Matanya tiba-tiba terbuka, menampakan warna coklat iris-nya yang indah. Mungkin ia terbangun ketika mendengar tawaku yang amat sangat pelan itu. Ia tersenyum simpul lalu kembali duduk, merapikan kemejanya yang berantakan tak terkancing dengan rapi lalu merentangkan tangan, memeluk sandaran sofa tepat di belakang tubuhku.
“Maaf, aku membangunkanmu.”
“Nggak apa-apa. Maaf, aku tidur seenaknya. Pangkuanmu nyaman,” ia menampakan deretan giginya.
“Nggak masalah, sih. Aku sudah terbiasa,” sebisanya aku tak menampakan semu di wajahku meski aku tahu itu gagal dari senyum manisnya yang mengatakan hal itu.
Tangannya meraih snack rasa keju di atas meja, meraupnya segenggam dan langsung memasukkannya ke dalam mulut. Rimah-rimahnya jatuh di atas kemejanya, membuatku tak bisa membiarkan pria itu semakin terlihat berantakan. Aku dengan cekatan menyingkirkan sisa-sisa makanan itu kemudian beralih pada rambutnya yang tak berbentuk lagi untuk kembali menatanya.
Kami tak bersuara untuk sesaat. Aku sibuk merapikannya, ia sibuk menghabiskan snack yang ada di mulutnya. Saat kulirik wajahnya diam-diam, aku menangkap sepasang bola mata yang begitu teduh namun memancarkan kesepian, membuat satu palu memukul keras pada dinding dadaku.
“Bella, aku...” pria itu mulai bersuara.
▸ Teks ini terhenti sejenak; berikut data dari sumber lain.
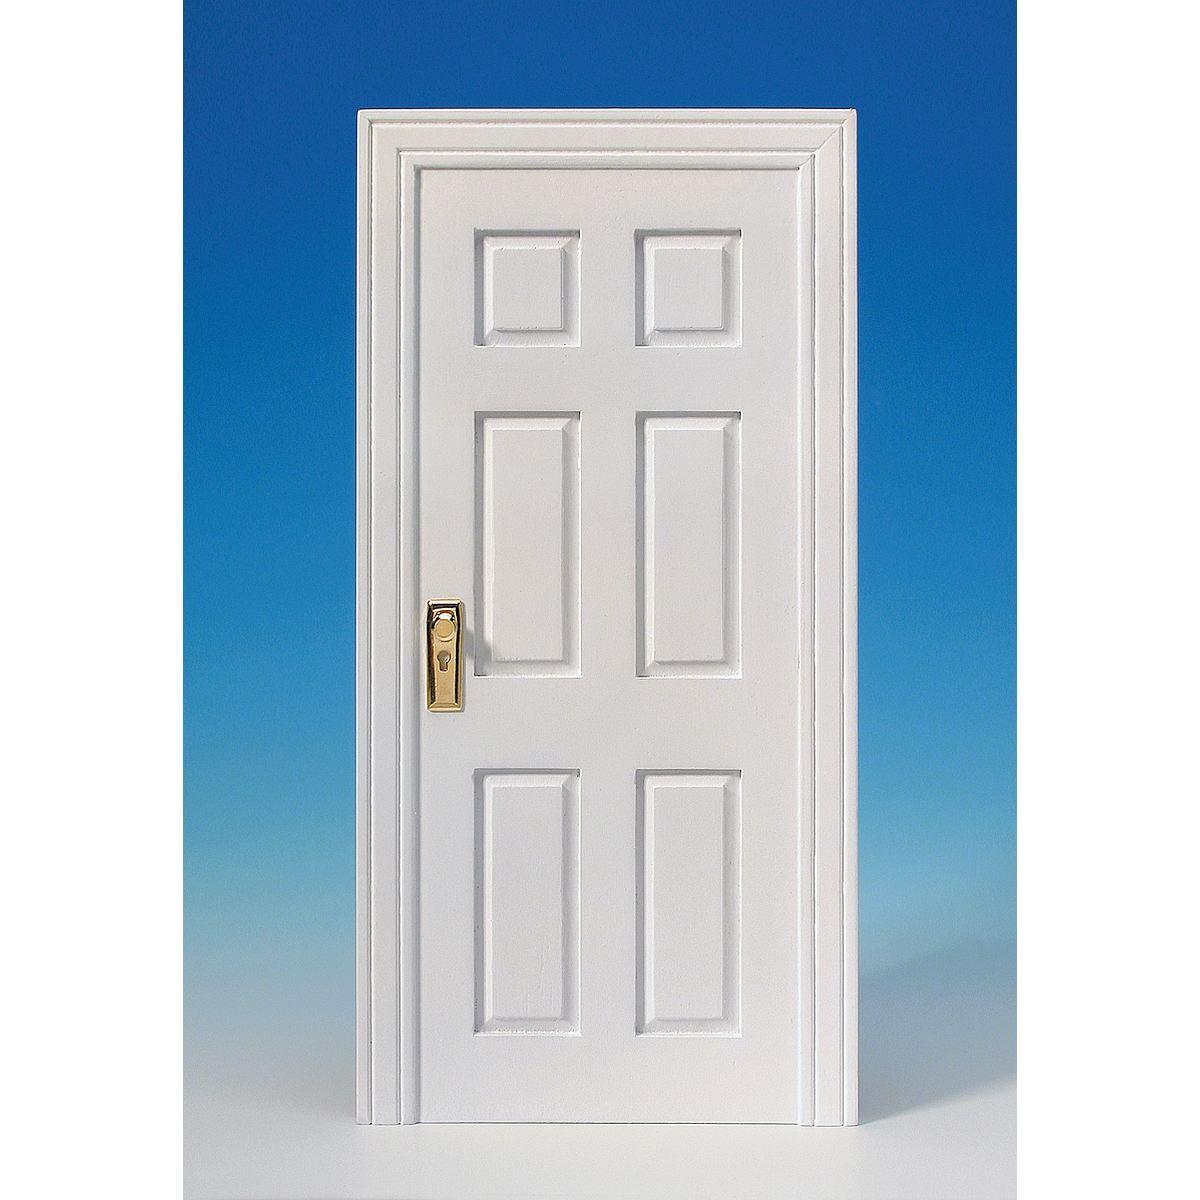 t r attrappe wei ideal f r die modul box 60311. Black Bedroom Furniture Sets. Home Design Ideas

Kalimatnya mengggantung seakan ragu untuk berbicara.
“Katakan saja. Kau masih sering menemuinya, kan? Yaahh, meski hanya secara sepihak. Kau masih sering diam-diam mengikutinya, kan?” aku berusaha tetap tenang, masih terus merapikan dirinya.
“Hm. Bukan keinginanku. Hanya saja tanpa sadar...”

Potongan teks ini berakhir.